Однако для командиров врачебные предписания — вовсе не указ. Повертели справки из поликлиники: «Ну, да это вам какая-то бабка написала — что ты суешь их нам под нос! Ты представь нам настоящие документы! От начальства!..» Поругался муж — горячий. И, знаете, что они сказали ему в отместку? «Держись: мы сделаем так, что ты, Колесников, и фамилию свою забудешь». И выгнали его вон из кабинета.

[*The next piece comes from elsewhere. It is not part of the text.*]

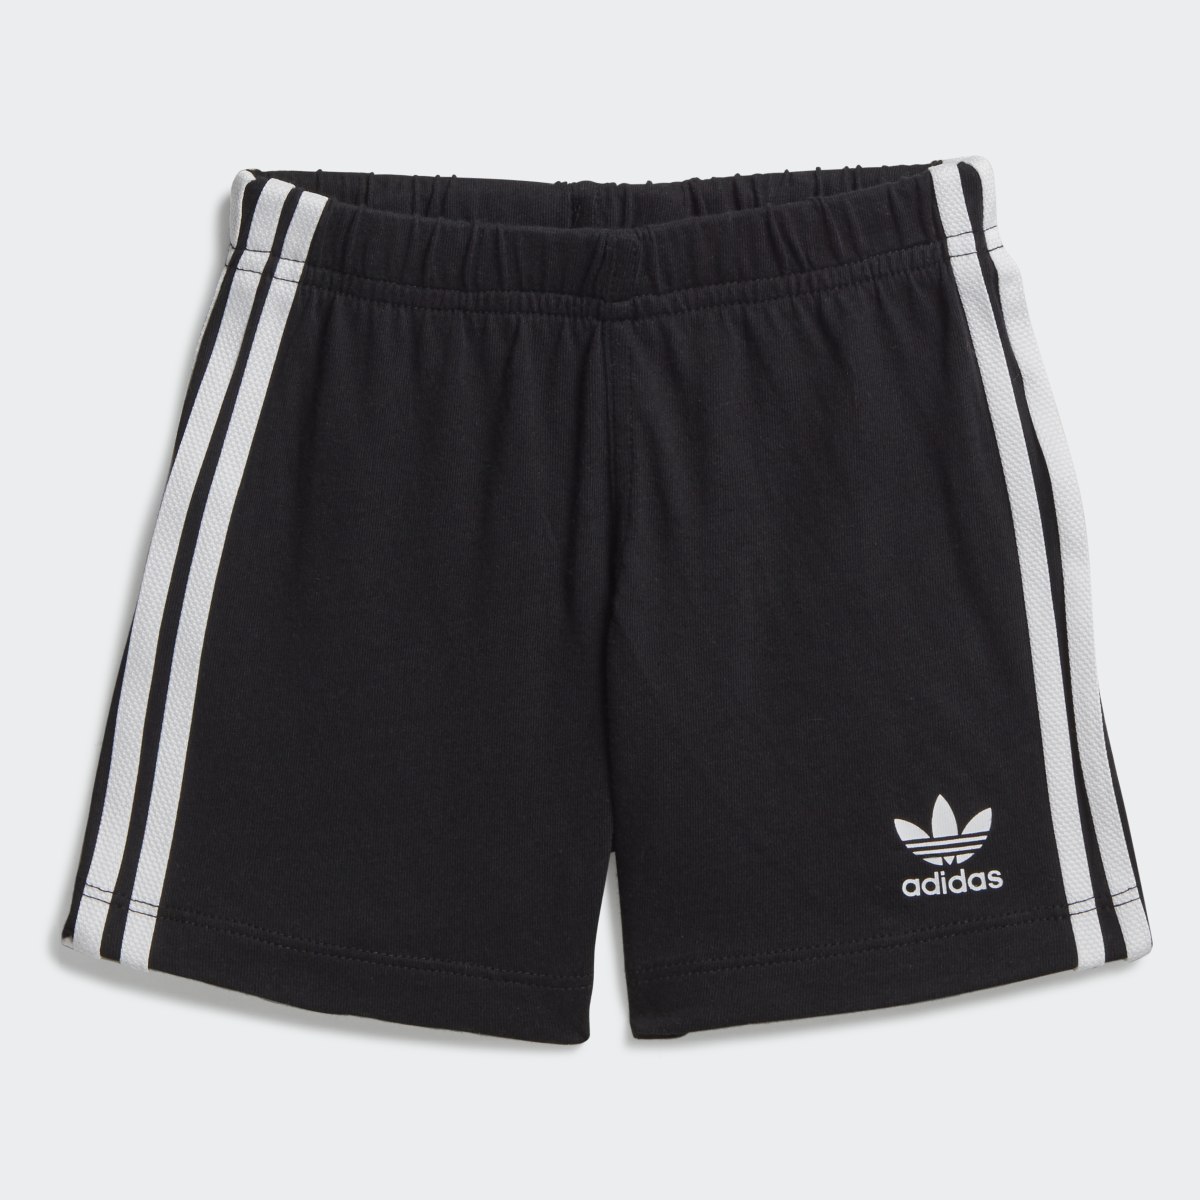 Adidas Trefoil Shorts und T-Shirt Set. 5

«Ну, ты хороший ходатай, — сгоряча упрекнула я Максима. — Не можешь постоять за себя, не только за меня и сына?» «Что же мне — стреляться?» — говорит он. «Смалодушничать легче всего, — отвечаю ему. — Так ничего не решается». И сама направилась к его непробиваемому командиру, в его кабинетище. Хотела я поговорить начистоту. А он, представляете, даже и выслушивать меня не стал; не захотел и вникнуть по-разумному в наше отчаянное положение — ни-ни. За дубовым столом заборонился в кресле. Враждебен донельзя, хмур. Весь побагровел от того, что я, чья-то заштатная офицерская жена, фитюлька этакая, прекословила ему. И вот стал он сопеть подкашливать начальственно, сердито. Убивает меня своим тяжелым полковничьим взглядом. Да я-то — не промах! — напрямик заявила ему, что я не из пугливых что я, прежде всего женщина и что он не может скомандовать мне: «Кругом! Шагом марш»! На что я еще отдам ему честь, возьму вот так под козырек. — И она вскинула тут ловко, ребром ладони, свою правую руку ко лбу, будто сама служила в армии. — «Меня зовут Надеждой, — заявила я. — Так запомните: я все равно уеду отсюда, из таежной глуши, но уеду одна с ребенком, если вы все не отпустите мужа». Полковник рычит, что все равно не переведут никуда капитана Колесникова, твержу Вам: дескать, ваш капитан пока не ходит в бурлаках, не такая Советская власть.
Действительно, Максим мой — инженер по образованию. Преотлично он работал бы везде и на гражданке. А это негнущийся от переедания полковник ни разу за пять лет не подал ему, своему подчиненному, руку — не поздоровался чистосердечно… Живя в Харькове до замужества, я видела сама, как заслуженные генералы радушно здоровались с молодыми солдатами. И отец Максима знающе говорил, что более душевных начальников он знал на этой войне Отечественной. Потому, говорил он, и победили-то фашистов, привели их в чувство спаянностью своей. Он-то по сути и внушил Максиму мысль: быть военным, пойти учиться в военное училище.
А этот глухарь и даже сесть мне, молодой женщине, не предложил. Удивительное свинство!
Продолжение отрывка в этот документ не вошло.